Das Kreuz in Immekeppel mit seinen T-förmigen Enden wird als Krückenkreuz bezeichnet. In seinen Zwickeln befinden sich Palmetten; die Vorderseite wird von einem erhabenen Rand mit dichten Kreuzschraffuren eingefasst. Am Kreuzstamm oberhalb des Titulus ragt flankiert von zwei Sternen die reliefierte Dextera, die rechte Hand Gottes, nach unten weisend aus einem Gewandärmel. Unten am Stamm und an den Balkenenden sind jeweils drei Sterne eingraviert. Die Rückseite zeigt in der Kreuzvierung das Eucharistische Lamm in einem Medaillon und auf den Kreuzenden, ebenfalls in Medaillons, die Symbole der Evangelisten. Der flache Rand ist auch hier mit Kreuzschraffuren versehen. Die die Medaillons verbindenden Mittelstreifen bestehen aus Kreuzschraffuren und Ranken; sie werden auf beiden Seiten von Sternen begleitet. 

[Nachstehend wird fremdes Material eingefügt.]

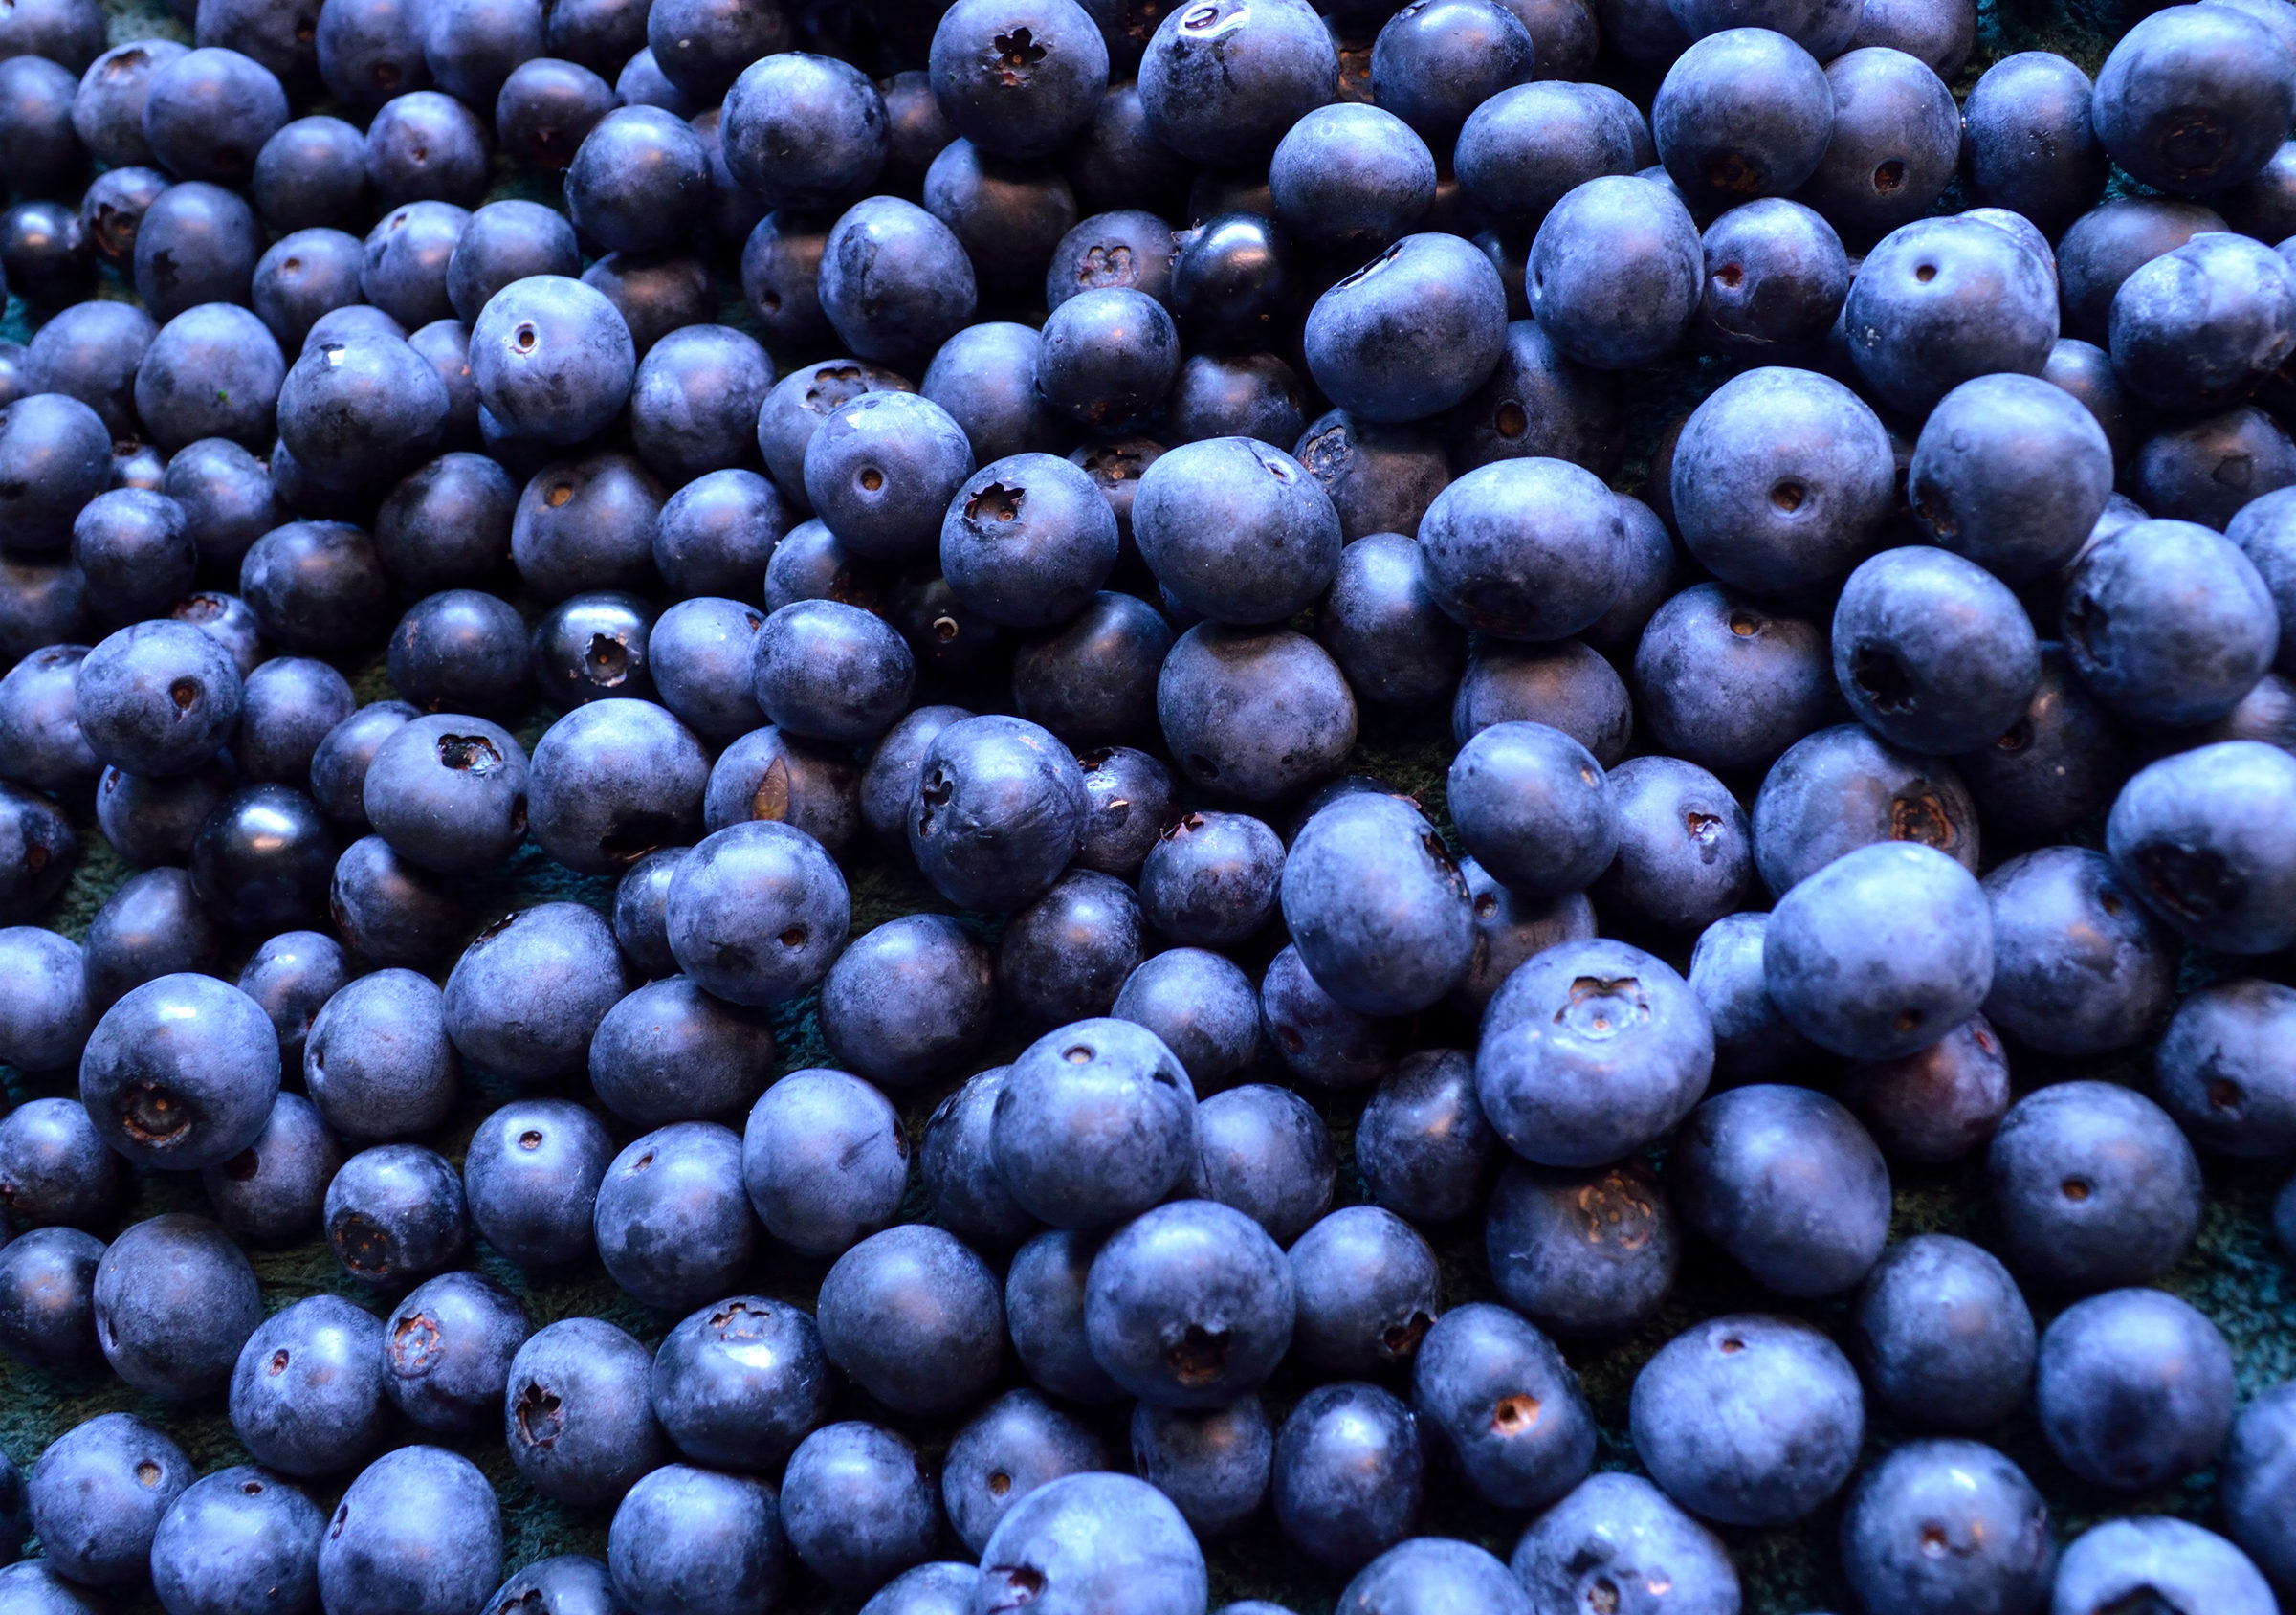 Fermented Blueberries May Restore Cognitive Function In Amnesia

Am Kreuz ist mit vier Nägeln ein silberner Korpus befestigt; das eine Krone tragende Haupt ist leicht nach rechts geneigt. Die Arme sind angehoben, die Hände mit einwärts gebogenen Daumen nach unten abgewinkelt. Die Rippen treten stark hervor, die Hüfte ist deutlich nach rechts verschoben und zusammen mit den Oberschenkeln in ein reich verziertes Lendentuch mit kunstvoll gebundenem Zingulum gehüllt. Jesus wird hier zwar als Leidender, aber auch als König und Sieger über den Tod dargestellt.

Vergleichbare alte und prächtige Vortragekreuze findet man heute noch in einigen Kirchen (z.B. in St. Pantaleon und St. Maria Lyskirchen in Köln) und in Museen: Ein ähnlicher Korpus – allerdings ohne Kreuz – wird im Kölner Museum Schnütgen bewahrt, ein fast identischer Korpus mit Krückenkreuz im Kopenhagener Nationalmuseum.

Das Vortragekreuz in St. Lucia, das spätestens um 1150, möglicherweise aber bereits schon im 11. Jahrhundert entstanden ist, dient als gutes Beispiel dafür, wie liturgische Objekte eine Brücke vom 21. Jahrhundert in die Vergangenheit schlagen. Besonders erfreulich ist die Tatsache, dass das Kreuz immer noch in die Gottesdienste im „Sülztaler Dom“ einbezogen wird. 

Literatur/Quellen

Frantzen, Leo: St. Lucia – Sülztaler Dom zu Immekeppel, 2. Ausgabe, Overath 2007, S. 16f.

Müller, Gerd: Der Lehnhof Sulsen-Immekeppel, ein rechtsgeschichtlicher Überblick, in: 800 Jahre Immekeppel. Ein Heimatbuch, hg. vom Arbeitskreis Heimatbuch Immekeppel, Bergisch Gladbach 1966, S. 170–179.

Panofsky-Soergel, Gerda: Die Denkmäler des Rheinlandes, 19. Band (Rheinisch-Bergischer Kreis 1, Bechen – Hohkeppel), hg. vom Landeskonservator Rheinland, Düsseldorf 1972, S. 55f.

Schneider, Walter: Die katholische Pfarrkirche St. Lucia in Immekeppel, in: Achera (Beiträge zur Geschichte der Stadt Overath 8), Overath 2004, S. 6f.